▶ **Given data**

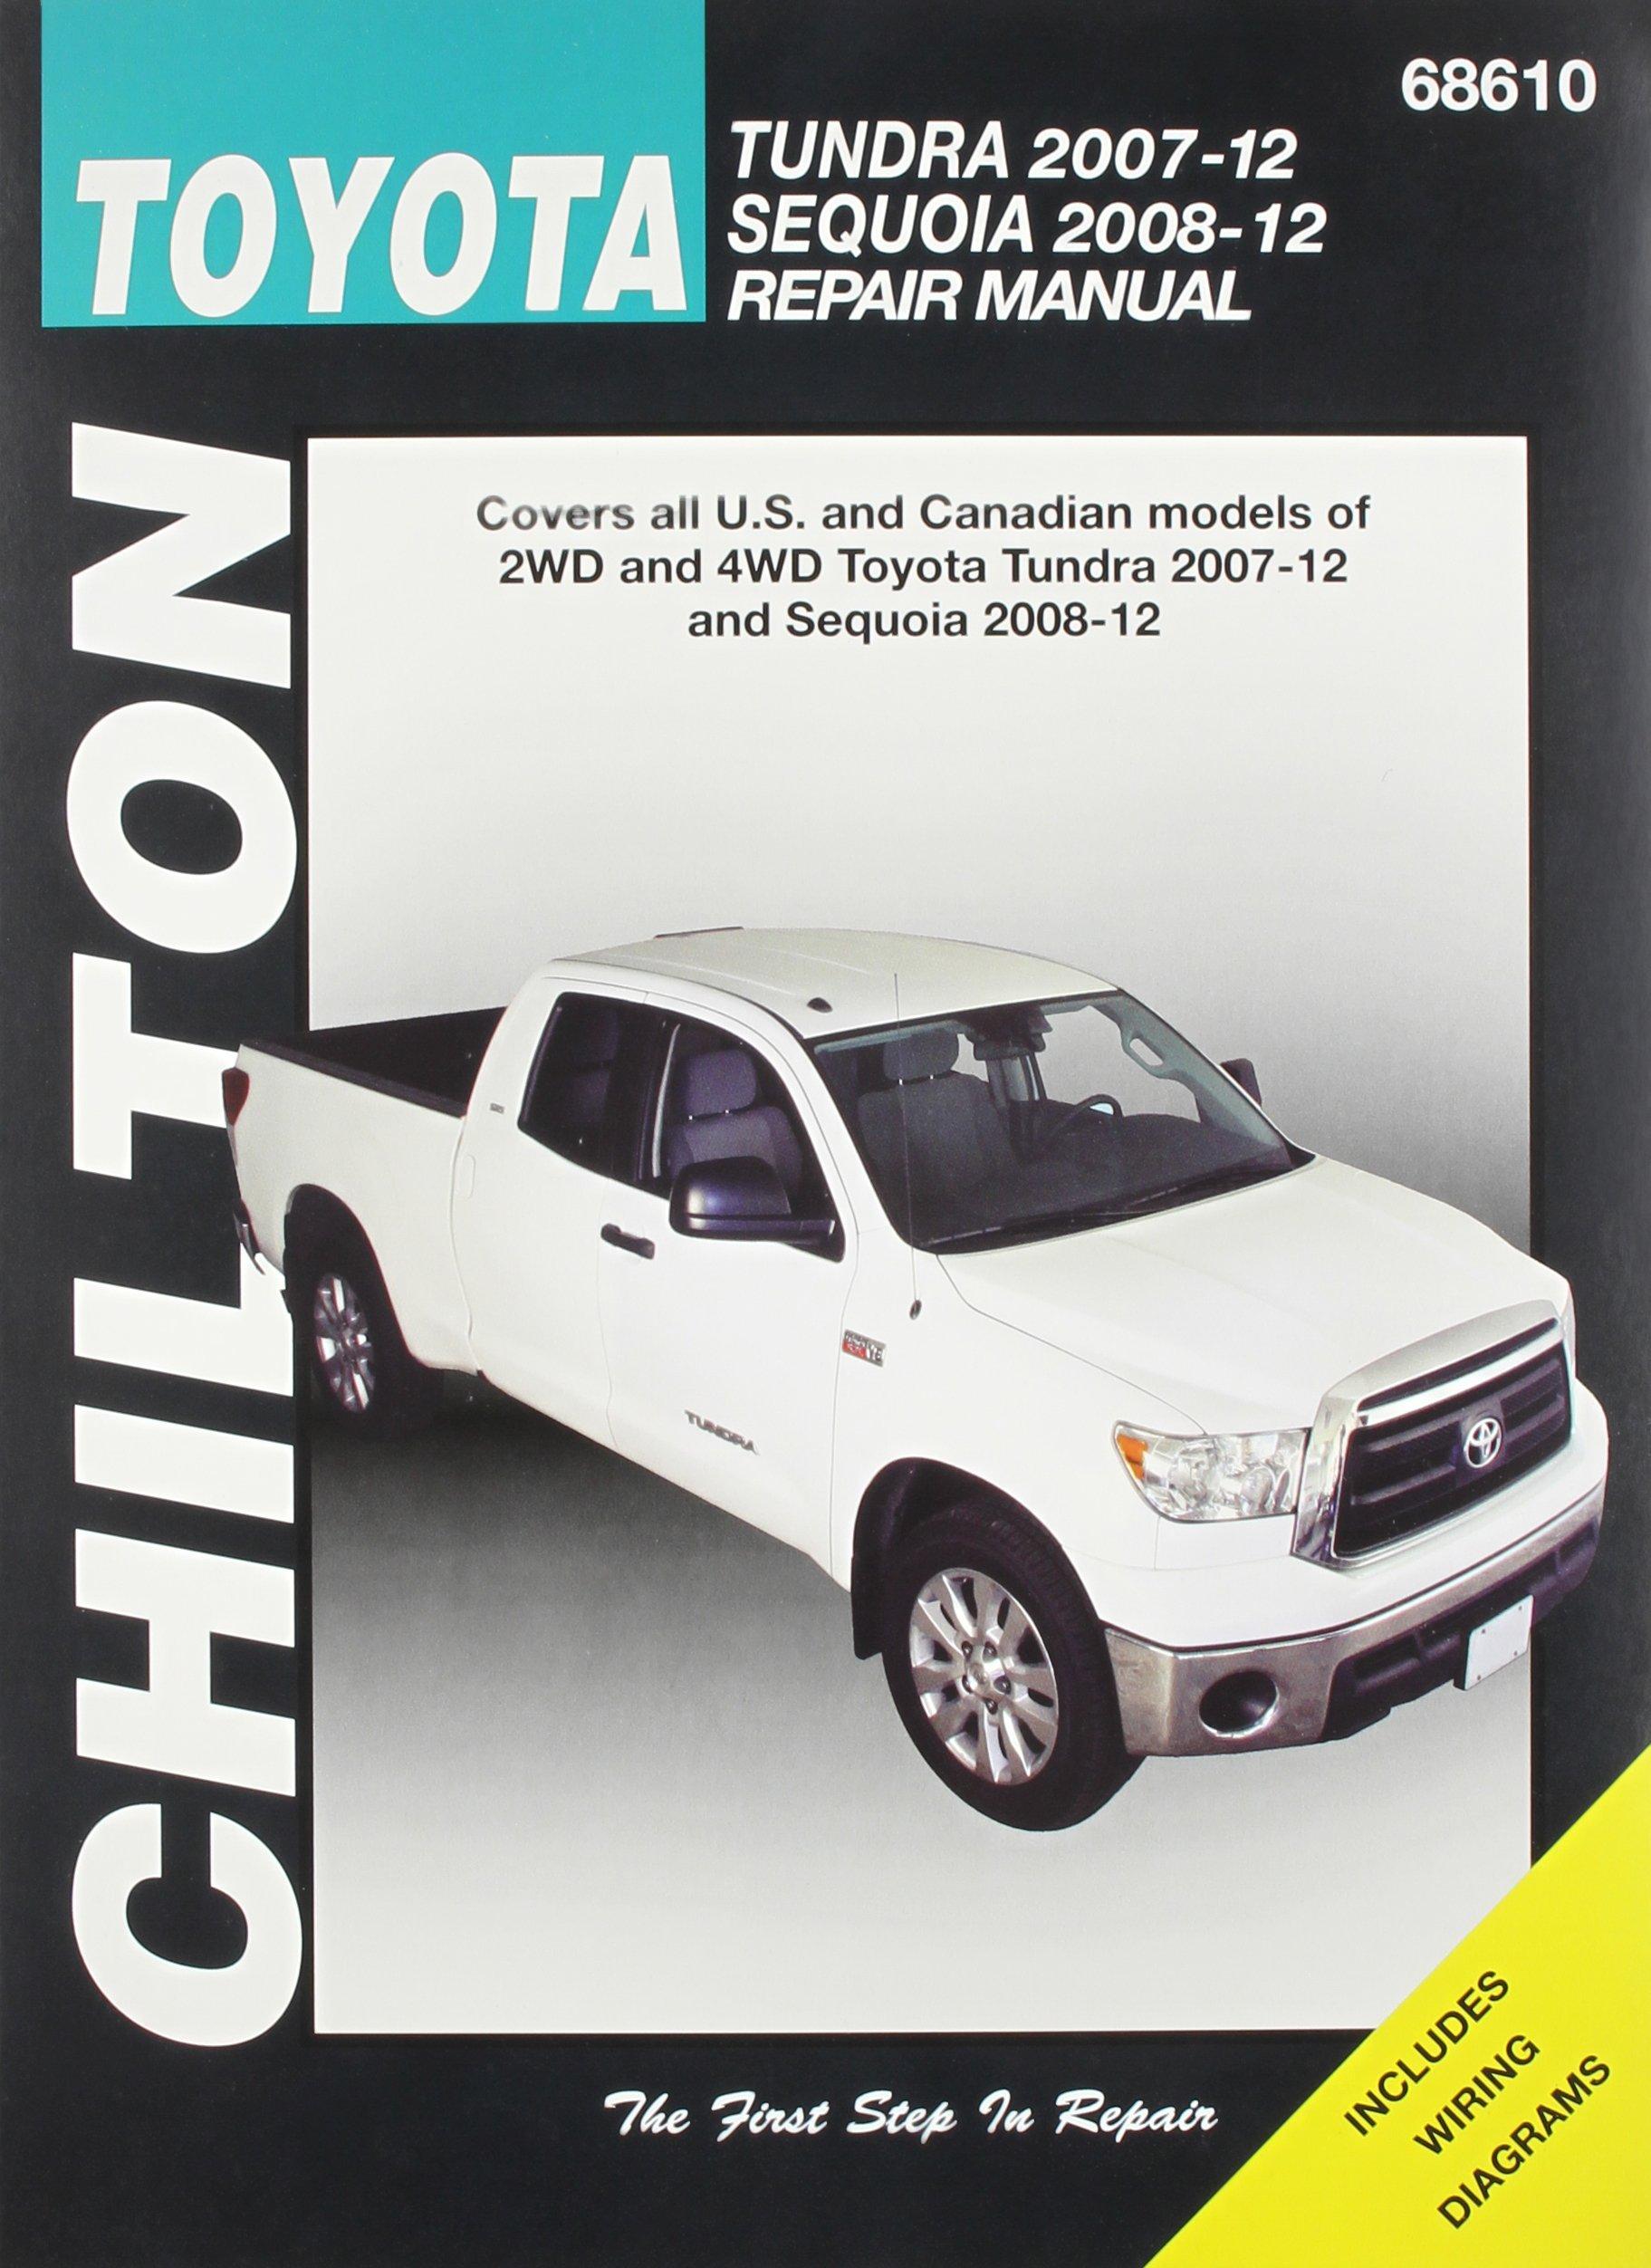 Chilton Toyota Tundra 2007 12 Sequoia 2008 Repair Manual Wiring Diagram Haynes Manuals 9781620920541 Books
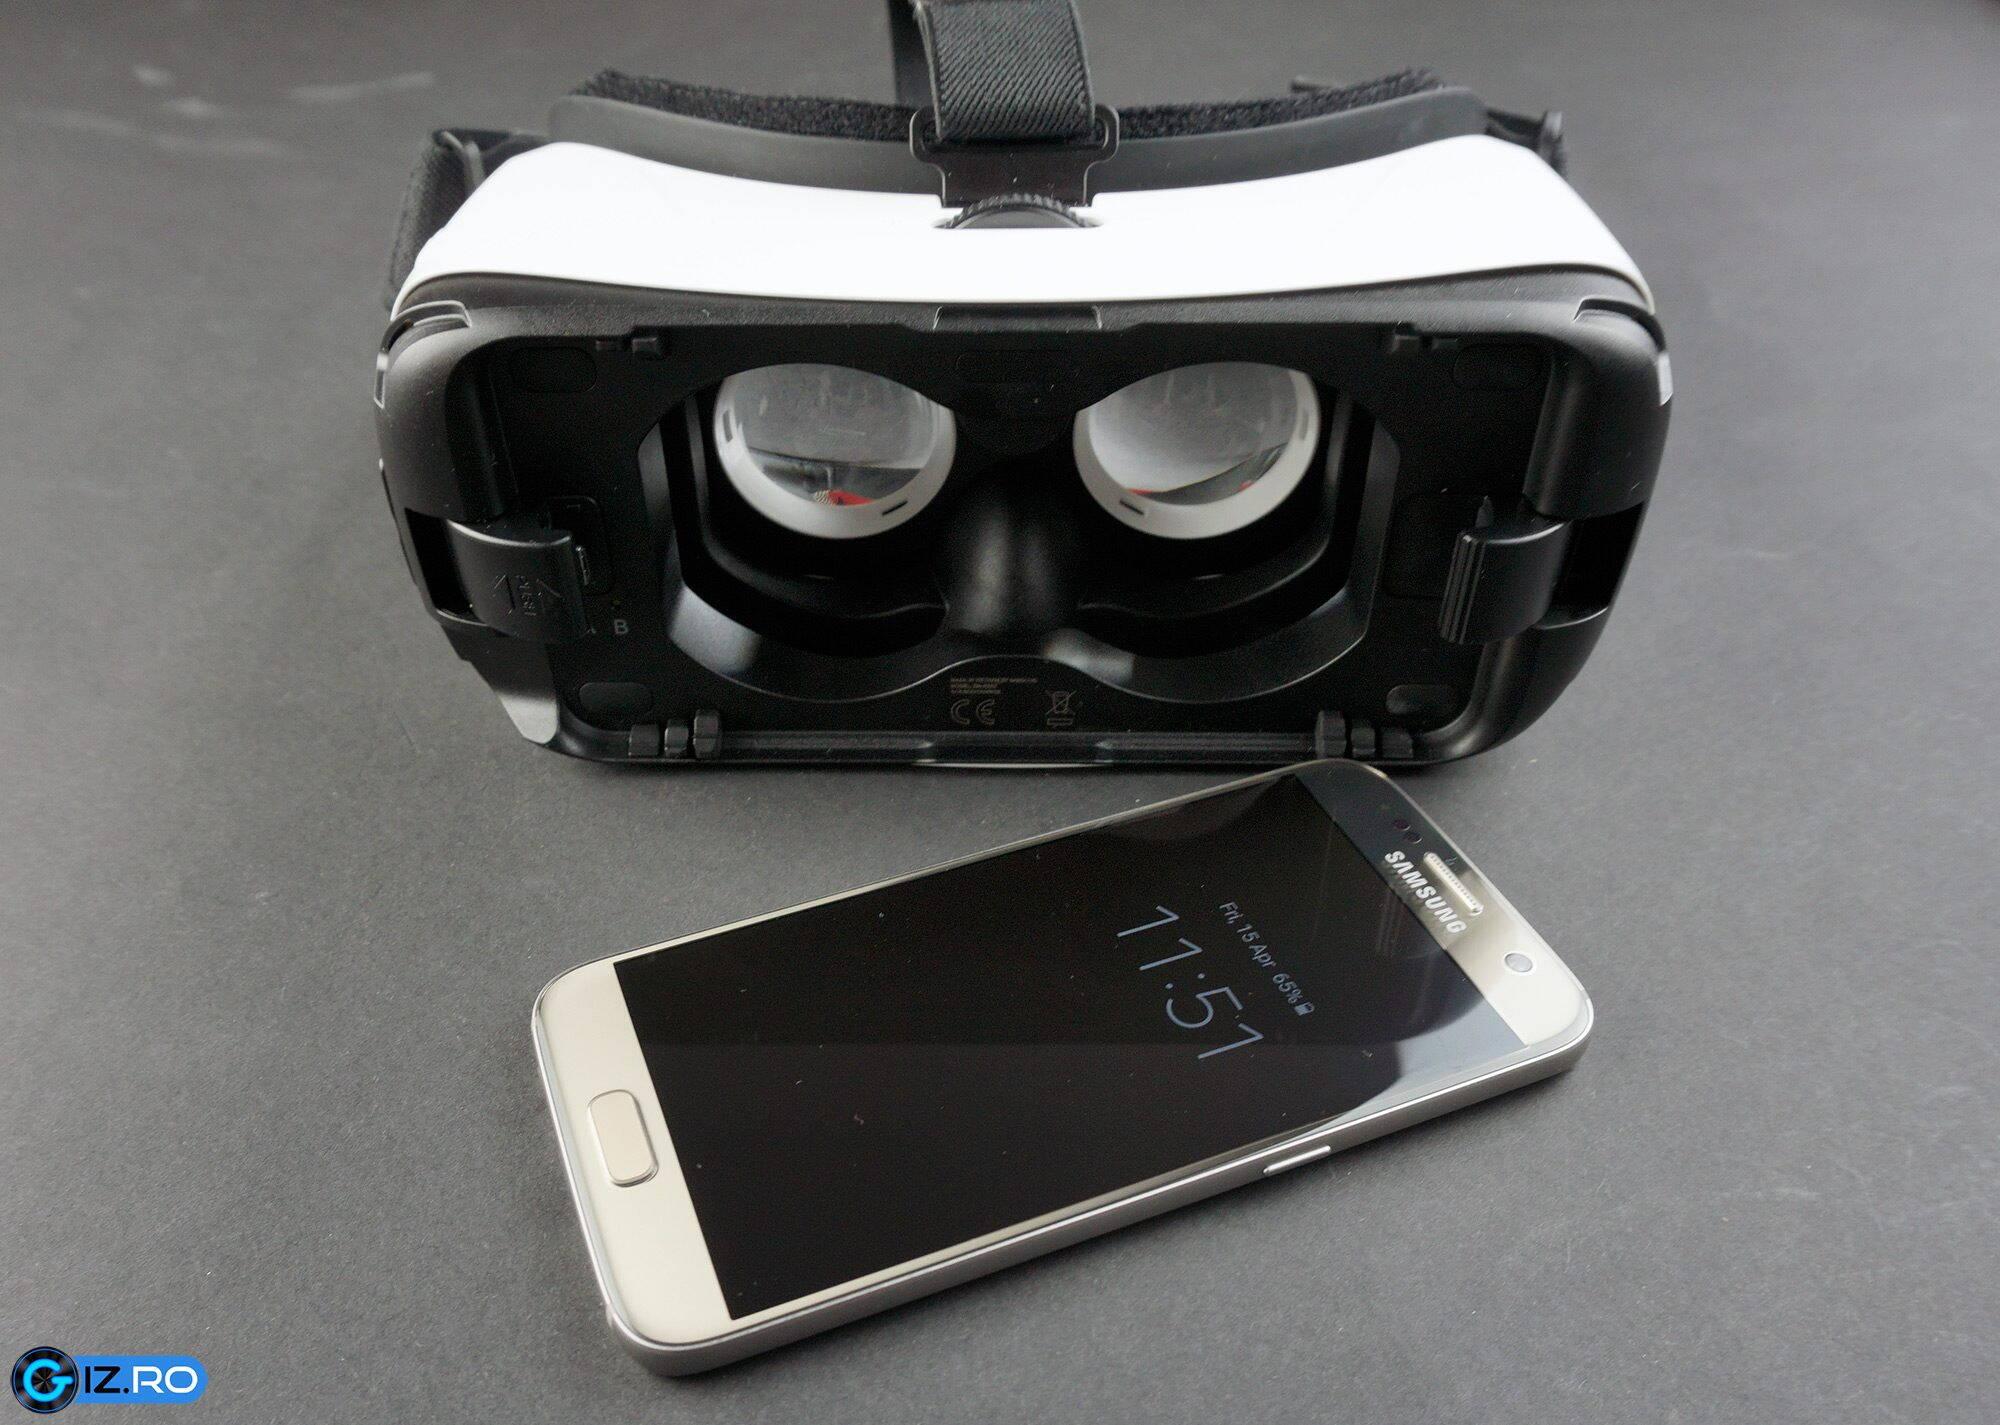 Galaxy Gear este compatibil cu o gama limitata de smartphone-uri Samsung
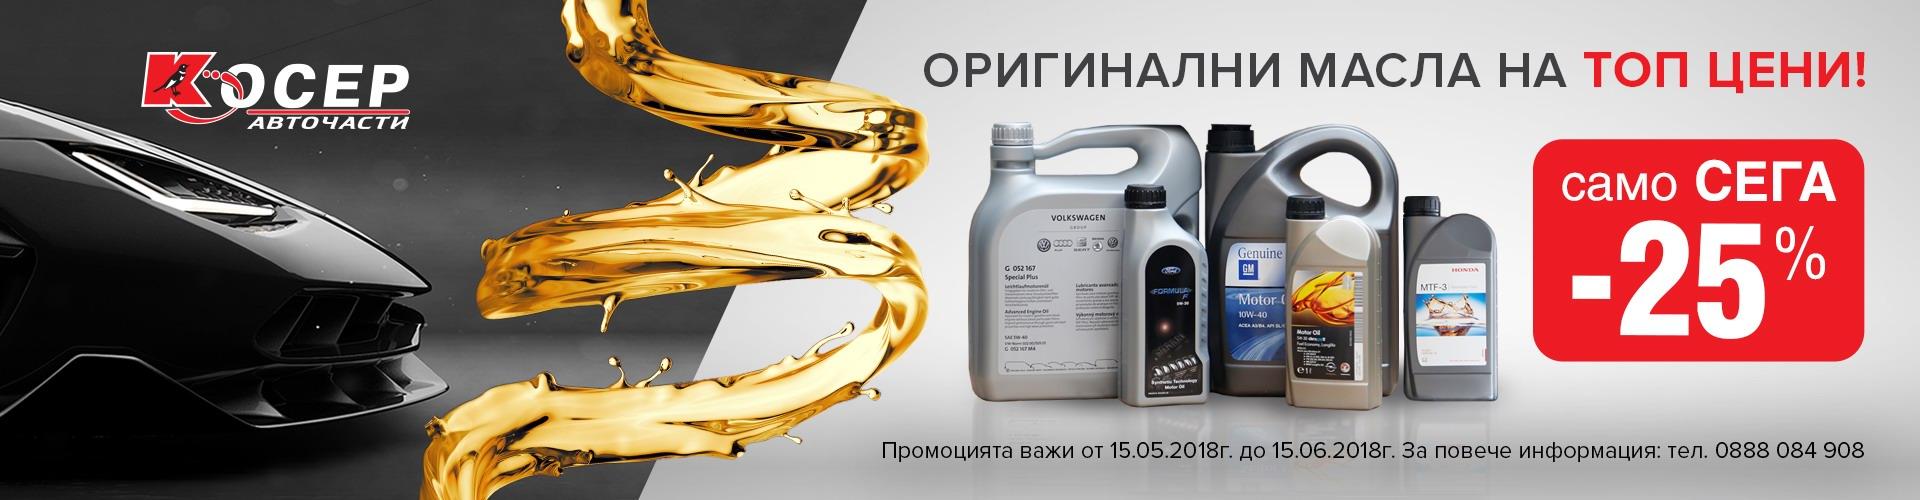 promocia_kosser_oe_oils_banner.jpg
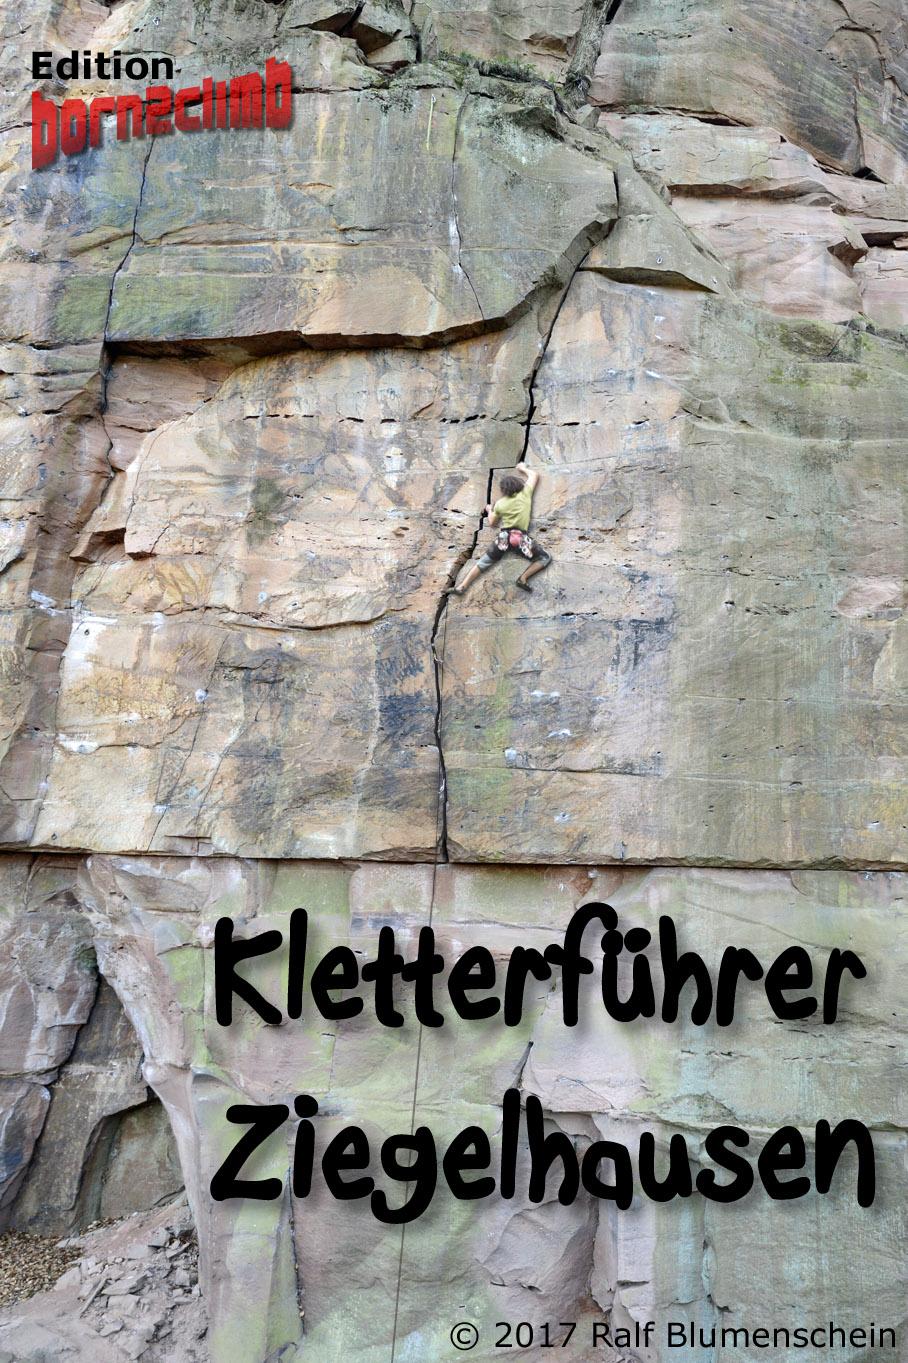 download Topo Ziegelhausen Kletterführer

▶ **Work task**
Every line of the data should be transcribed exactly. Omit the images.

▶ **Solution**
 Chilton Toyota Tundra 2007 12 Sequoia 2008 Repair Manual Wiring Diagram Haynes Manuals 9781620920541 Books
 Galaxy Gear este compatibil cu o gama limitata de smartphone-uri Samsung
 promocia_kosser_oe_oils_banner.jpg
 download Topo Ziegelhausen Kletterführer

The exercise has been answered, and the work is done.